» Collected data:

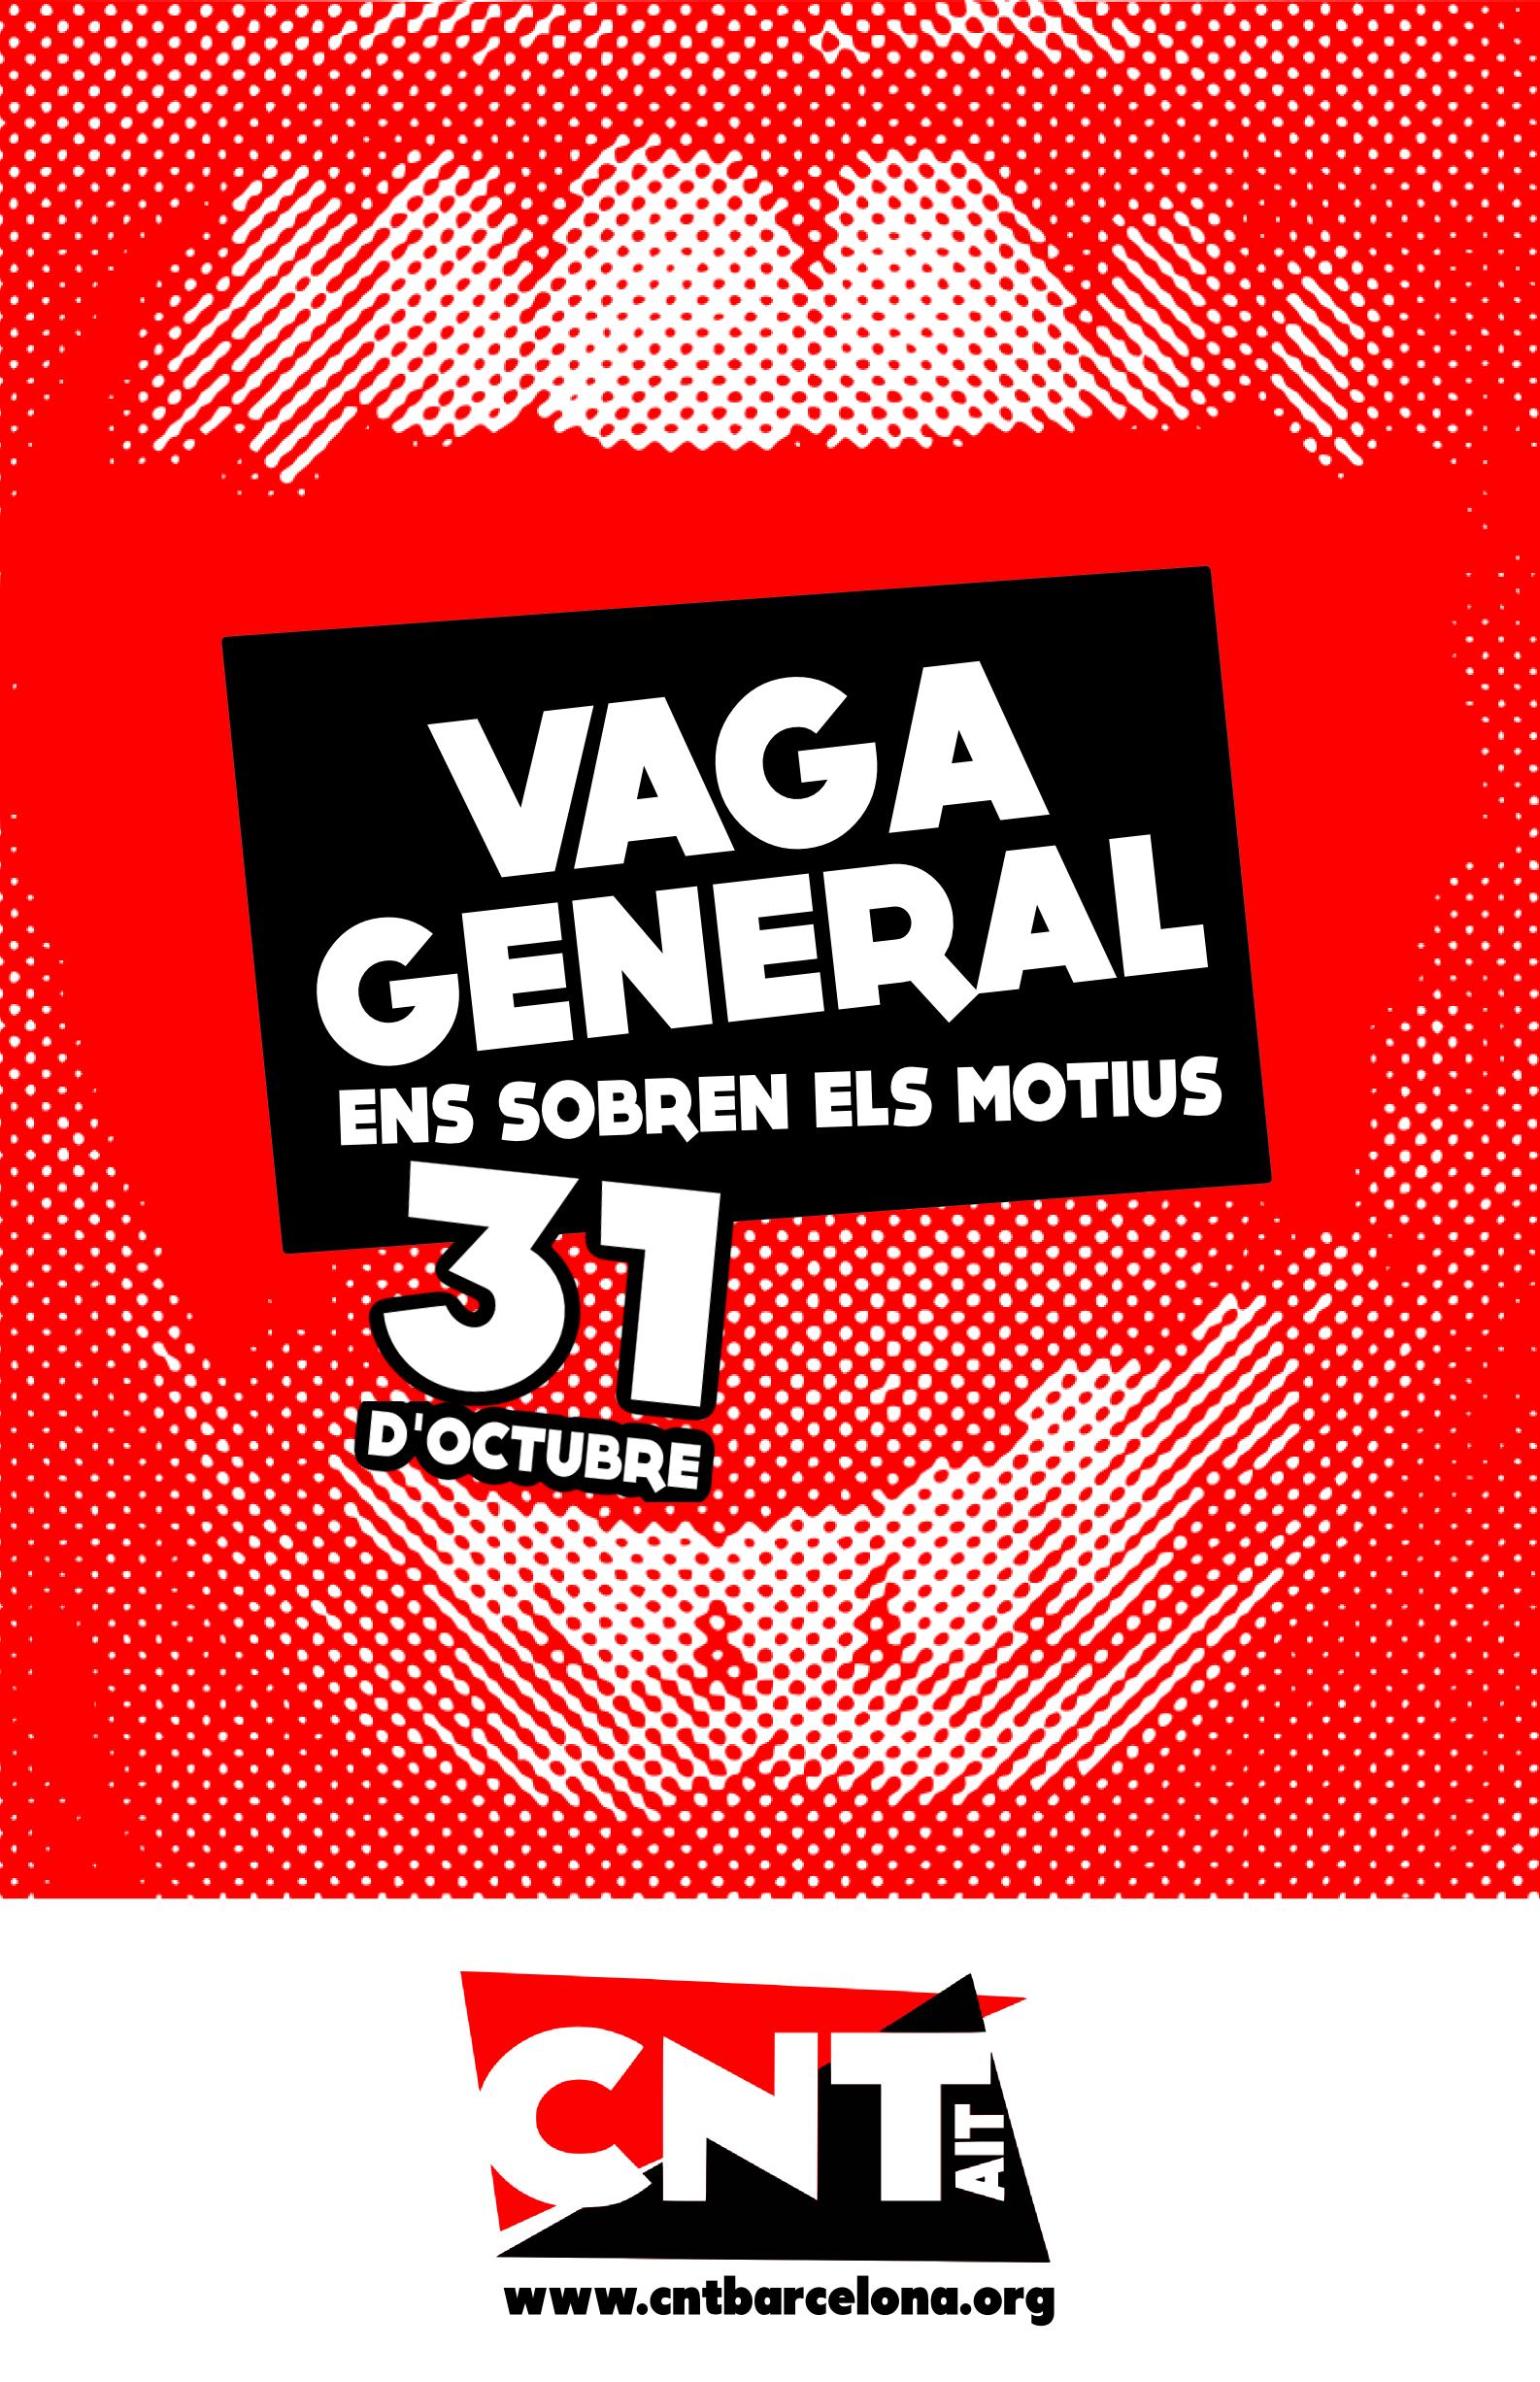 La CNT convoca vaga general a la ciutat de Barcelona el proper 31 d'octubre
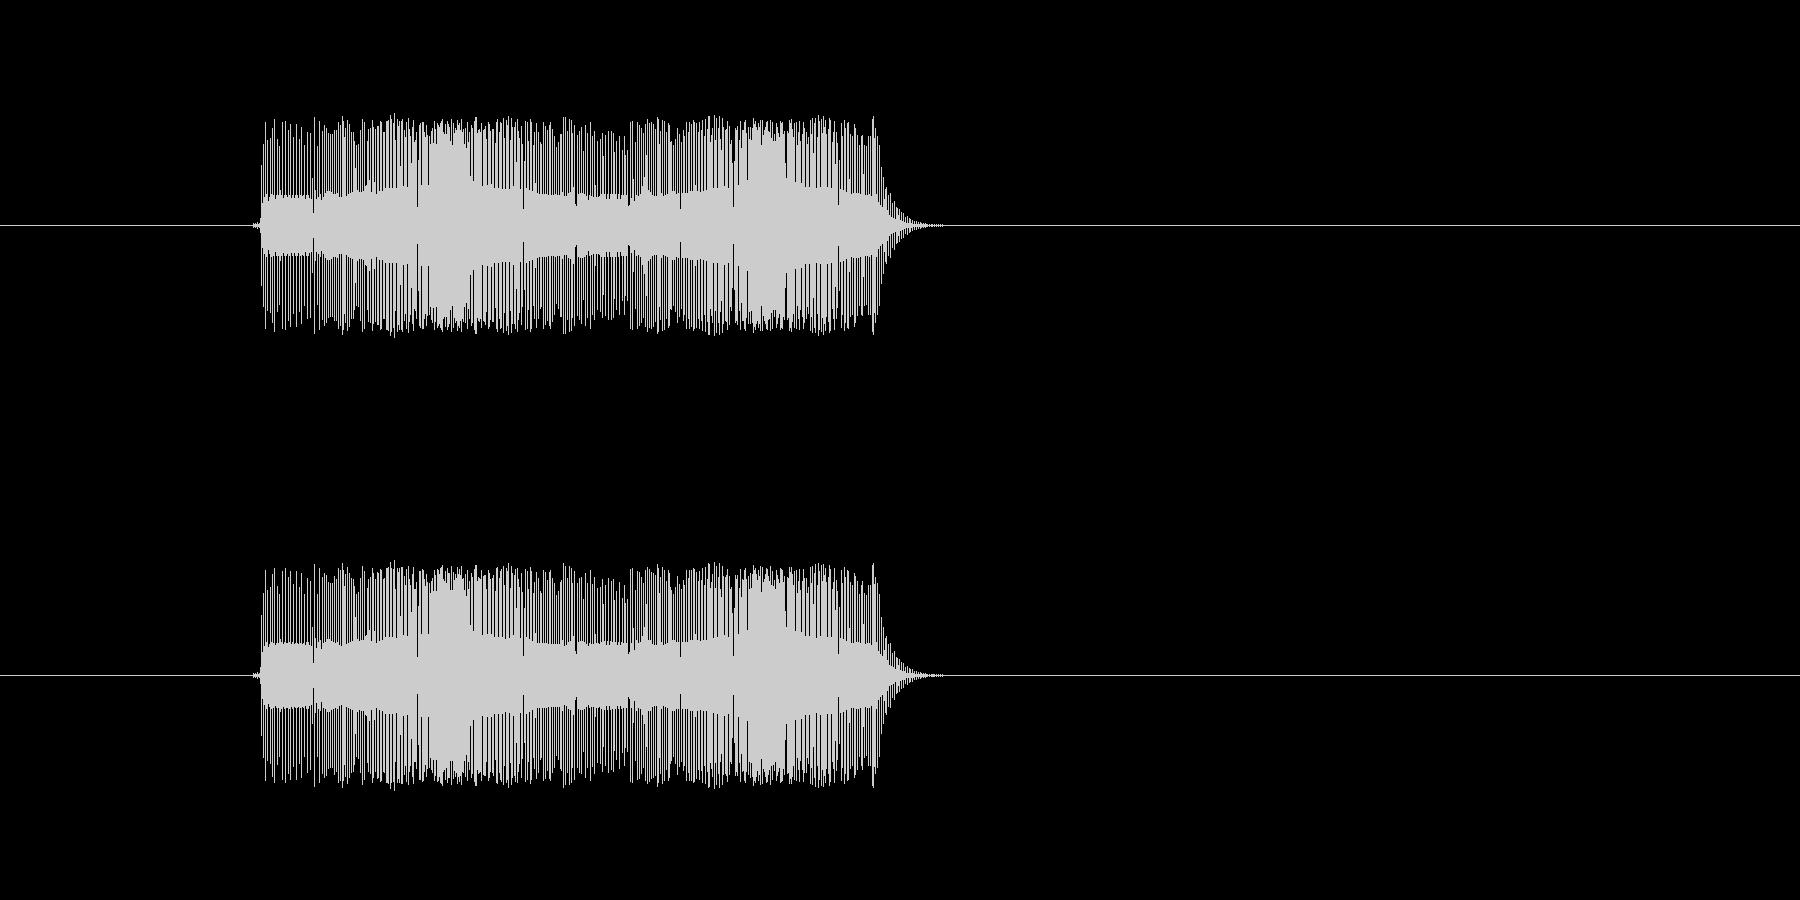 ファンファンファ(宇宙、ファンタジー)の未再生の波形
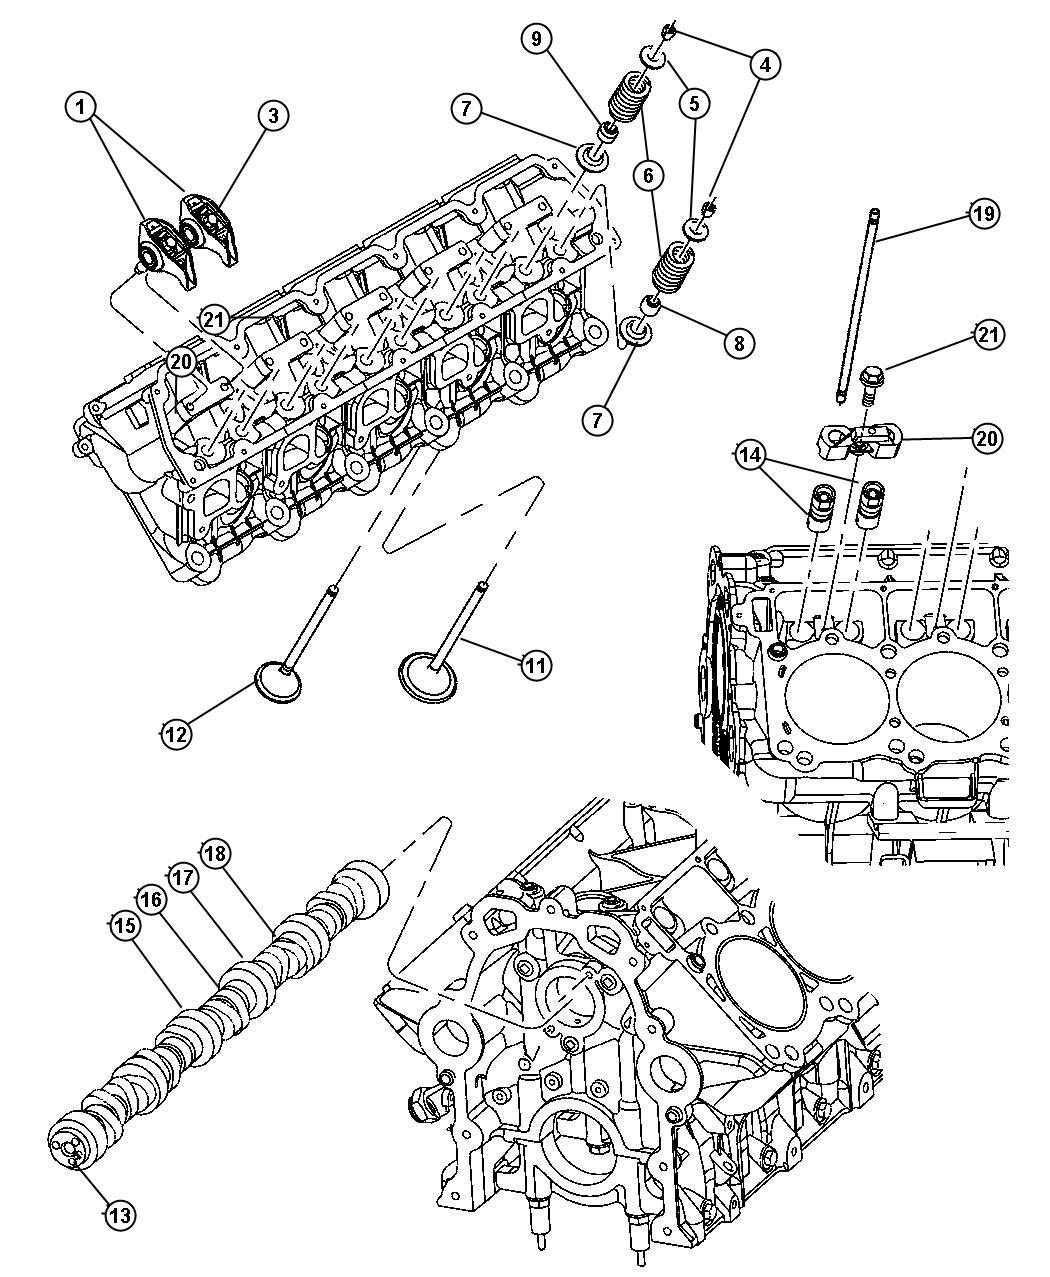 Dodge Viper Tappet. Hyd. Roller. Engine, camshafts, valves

» What is required:
Write out the material exactly, excluding pictures.

» Expected answer:
 La CNT convoca vaga general a la ciutat de Barcelona el proper 31 d'octubre
 ファンファンファ(宇宙、ファンタジー)の未再生の波形
 Dodge Viper Tappet. Hyd. Roller. Engine, camshafts, valves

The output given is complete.